Casos de autuação podem ser difíceis de reverter e acabam por exigir tempo, dinheiro e energia que poderiam ser investidos no crescimento do negócio. Recomendo sempre um acompanhamento periódico da legislação e um olhar atento sobre benefícios e oportunidades de recuperação de créditos tributários.
Como prevenir autuações e reduzir riscos na precificação?
No BSP, procuro mostrar para meus clientes que a precificação é parte de uma engrenagem maior, chamada governança tributária. O segredo está no monitoramento diligente das mudanças legais, na documentação robusta e em decisões sempre baseadas em evidências, não em improvisos.
- Atualize listas de produtos/serviços e respectivos tributos periodicamente.
- Simule impactos de eventuais mudanças fiscais antes de alterar condições comerciais.
- Registre as razões das escolhas de preço e mantenha esses registros organizados.
- Capacite a equipe fiscal e comercial sobre as consequências tributárias de descontos, promoções e condições especiais.
- Busque orientação profissional quando houver dúvidas sobre regime fiscal ou operações com partes relacionadas.
Gestão de riscos tributários começa pela prevenção e pela informação. O conteúdo do portal Direito Tributário pode ajudar bastante quem deseja se aprofundar nesse universo.

Conclusão
Precificar corretamente é mais do que matemática: é cuidado, estratégia e proteção ao patrimônio e à reputação do negócio. O risco tributário existe para quem faz pouco caso das regras ou para quem tenta “simplificar” demais o processo, sem embasamento. Na minha trajetória com o BSP, vi empresas mudarem de patamar ao integrarem planejamento tributário à precificação, e é gratificante acompanhar esse desenvolvimento sustentável.
Se você quer entender como a precificação pode contribuir para a segurança jurídica e financeira da sua empresa ou do seu patrimônio, recomendo buscar orientações personalizadas. Conheça mais do trabalho do BSP Advogados e veja como soluções estratégicas e personalizadas podem simplificar o cenário tributário para você.

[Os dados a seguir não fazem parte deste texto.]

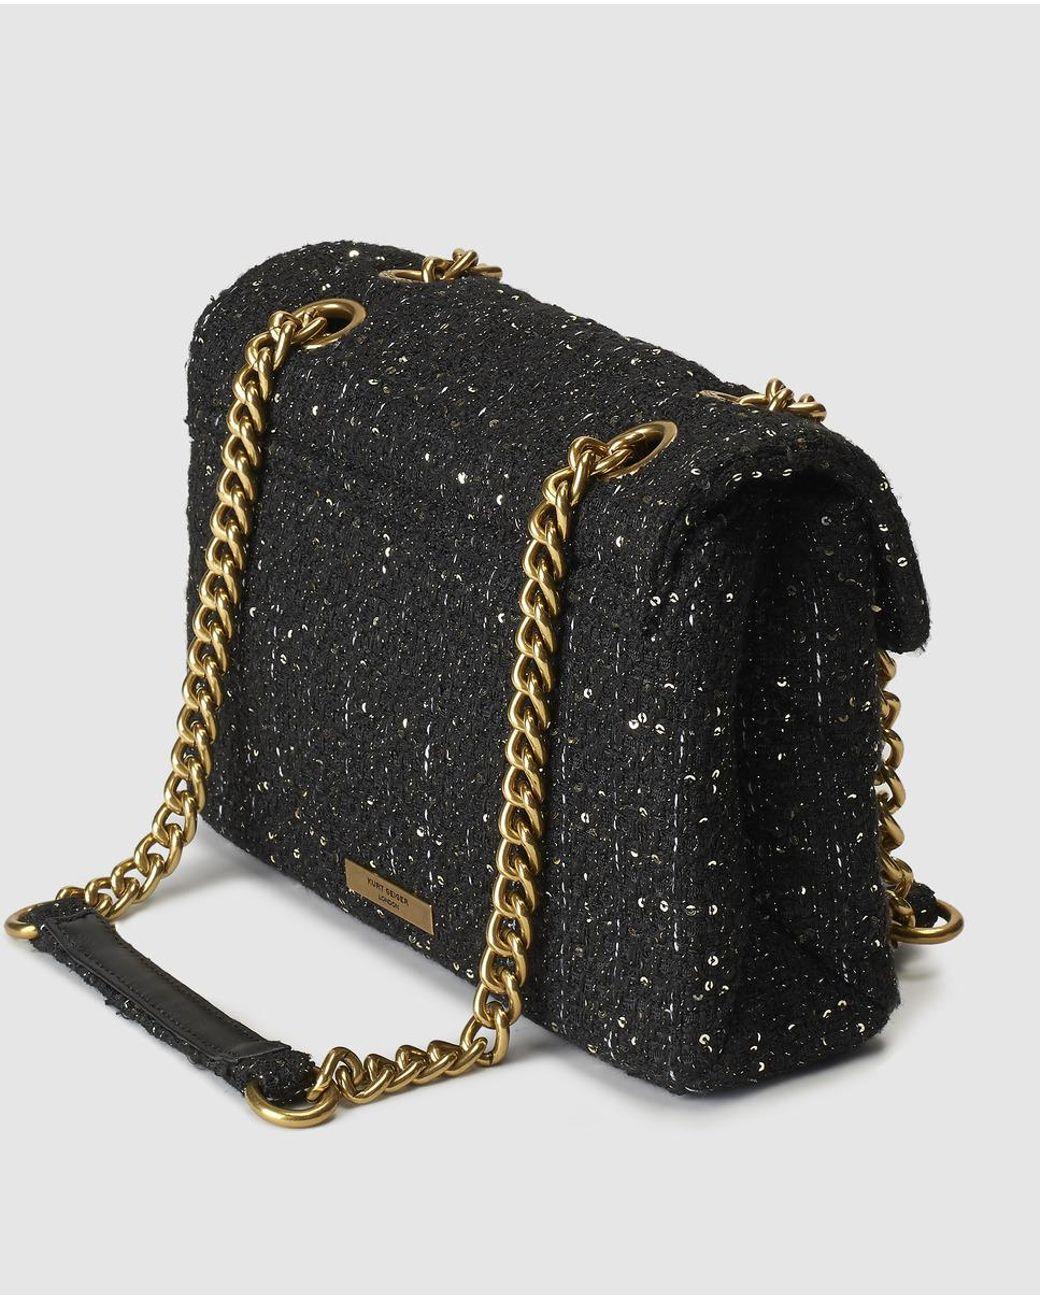 3ad4e1a7f912 Kurt Geiger Kensington Large Black Tweed Crossbody Bag With Sequins in Black  - Lyst
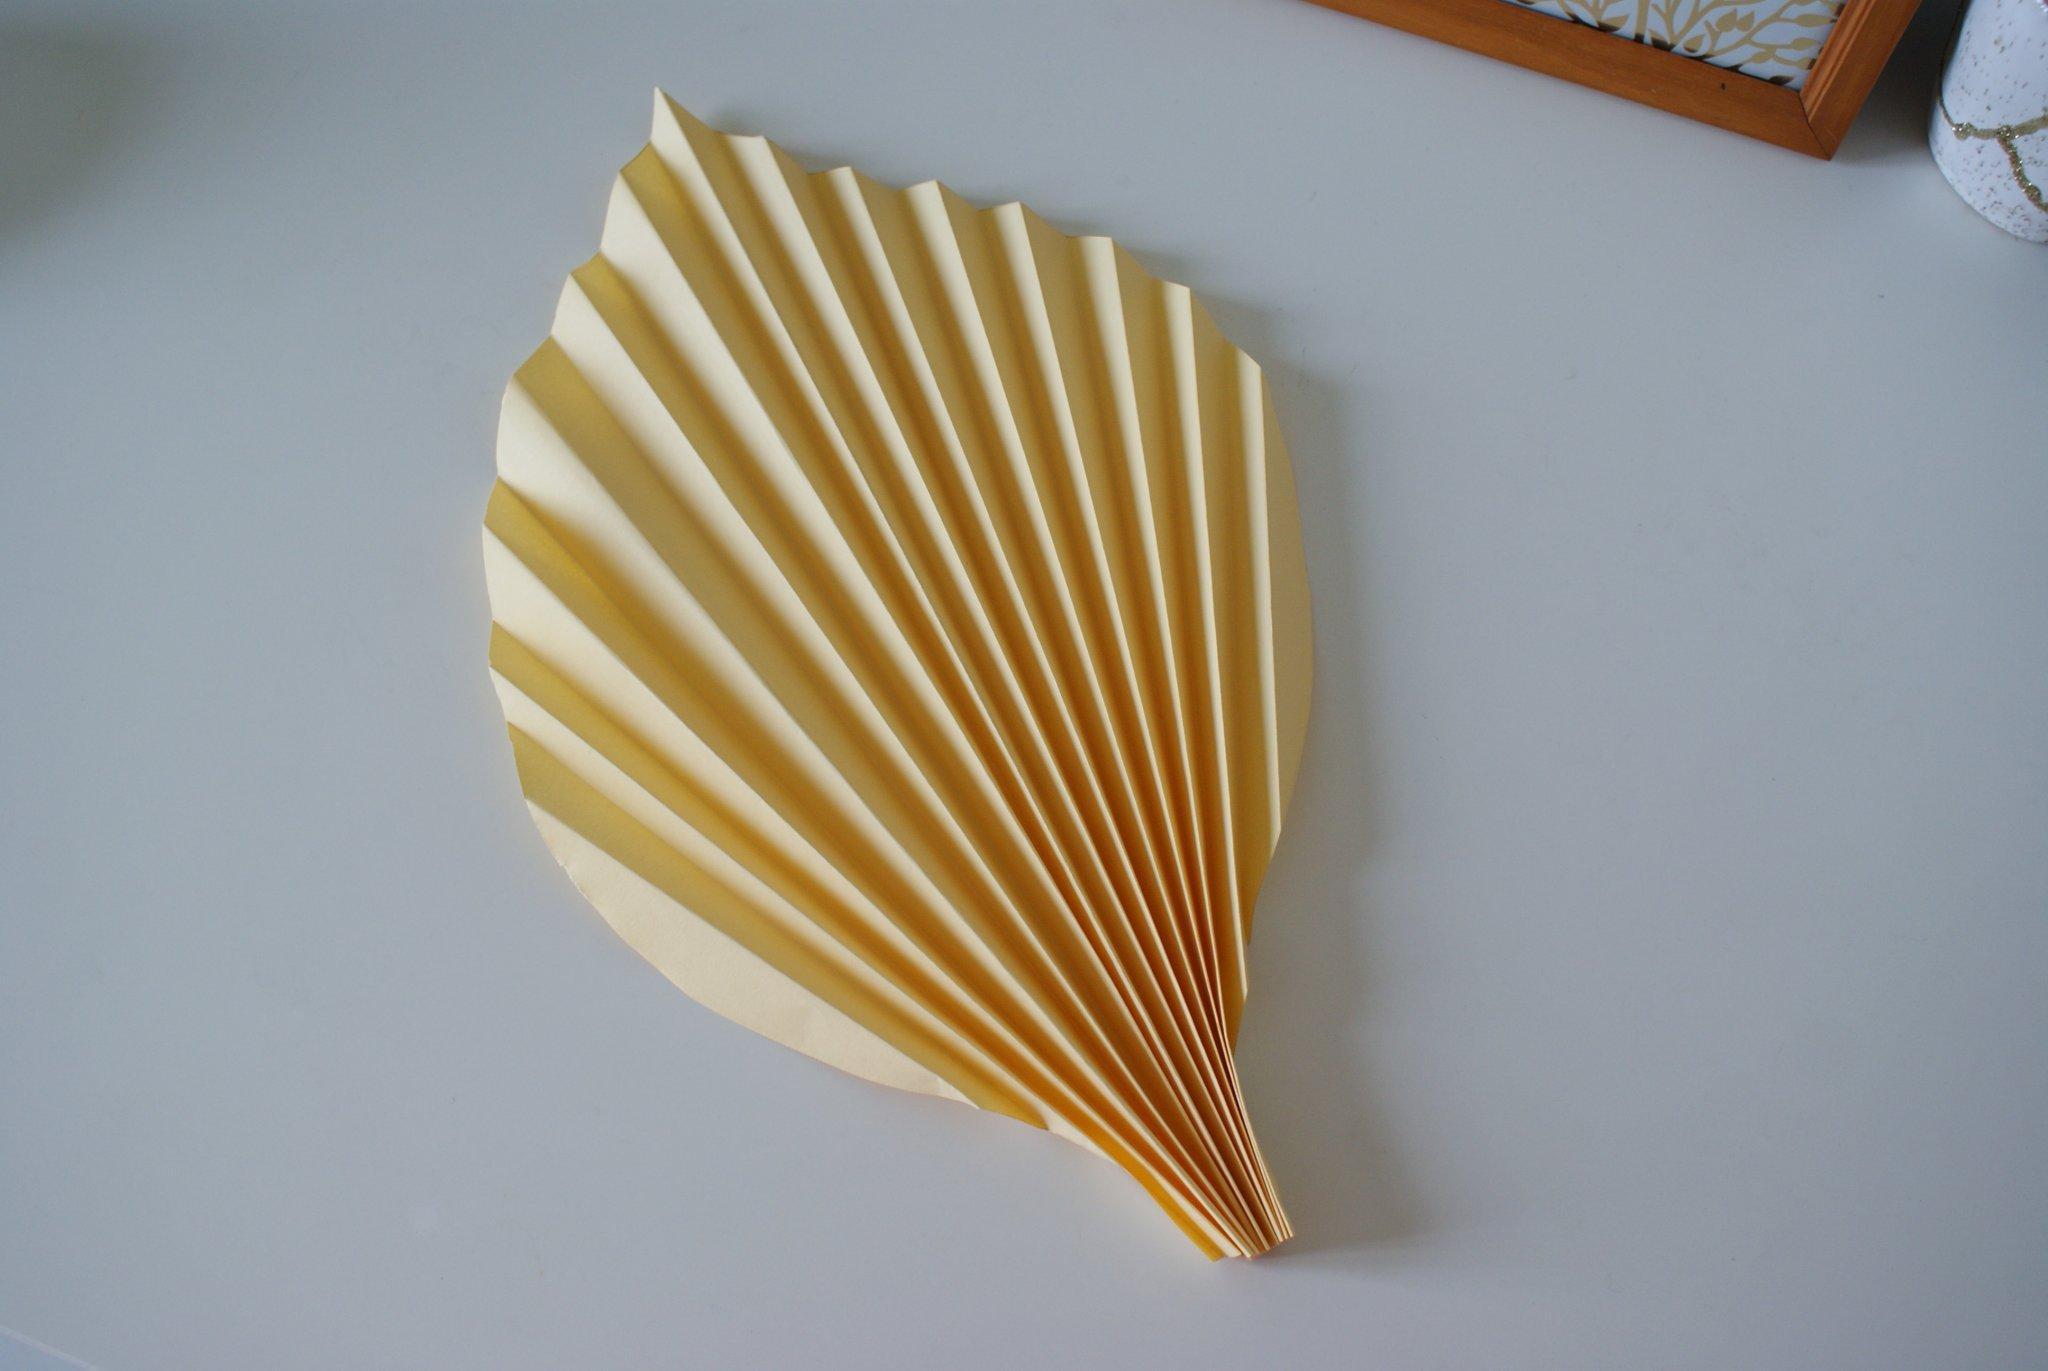 diy palm paper leaf leaves decor idea handmade craft easy simple tutorial home decoration neutral minimalist francinesplaceblog step 6

Perguntas frequentes sobre precificação e riscos tributários
O que é precificação correta?
Precificação correta é o processo de definir valores de venda que refletem custos, margens, tributos e conformidade com a legislação vigente. Ela considera aspectos fiscais e financeiros, evitando riscos desnecessários com o Fisco.
Como a precificação impacta nos tributos?
A precificação influencia diretamente a base de cálculo dos tributos, afetando a quantidade de impostos pagos pela empresa. Se os preços estão errados, isso pode resultar em recolhimento inadequado e exposição a multas e autuações.
Como evitar riscos tributários com preços?
Para evitar riscos tributários, é aconselhável analisar o regime fiscal, simular cenários, documentar critérios de preços e acompanhar periodicamente as alterações na legislação. Uma assessoria pode ser importante no processo de revisão constante e regularização de práticas fiscais.
Quais erros ao precificar aumentam riscos?
Os principais erros são subfaturamento, não considerar todos os tributos, ignorar benefícios fiscais ou praticar valores incoerentes com o mercado. Tudo isso pode despertar suspeitas de irregularidades e aumentar o risco de fiscalização.
Precificação errada pode gerar multas?
Sim, uma precificação inadequada pode gerar multas, autuações fiscais, perda de créditos tributários e outros prejuízos. O Fisco exige que os valores estejam devidamente fundamentados e em conformidade com as regras aplicáveis.